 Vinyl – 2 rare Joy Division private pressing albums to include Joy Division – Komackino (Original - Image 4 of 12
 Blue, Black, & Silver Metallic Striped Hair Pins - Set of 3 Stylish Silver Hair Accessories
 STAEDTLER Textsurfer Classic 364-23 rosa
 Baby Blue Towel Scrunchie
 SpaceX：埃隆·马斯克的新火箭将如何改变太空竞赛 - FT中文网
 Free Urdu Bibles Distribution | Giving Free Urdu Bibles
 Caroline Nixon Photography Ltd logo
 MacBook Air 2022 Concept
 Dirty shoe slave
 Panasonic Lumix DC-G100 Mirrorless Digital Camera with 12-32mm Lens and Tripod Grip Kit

==================================================

Above are several records. Count the lines among them that contain "Blue" and give only the total.

2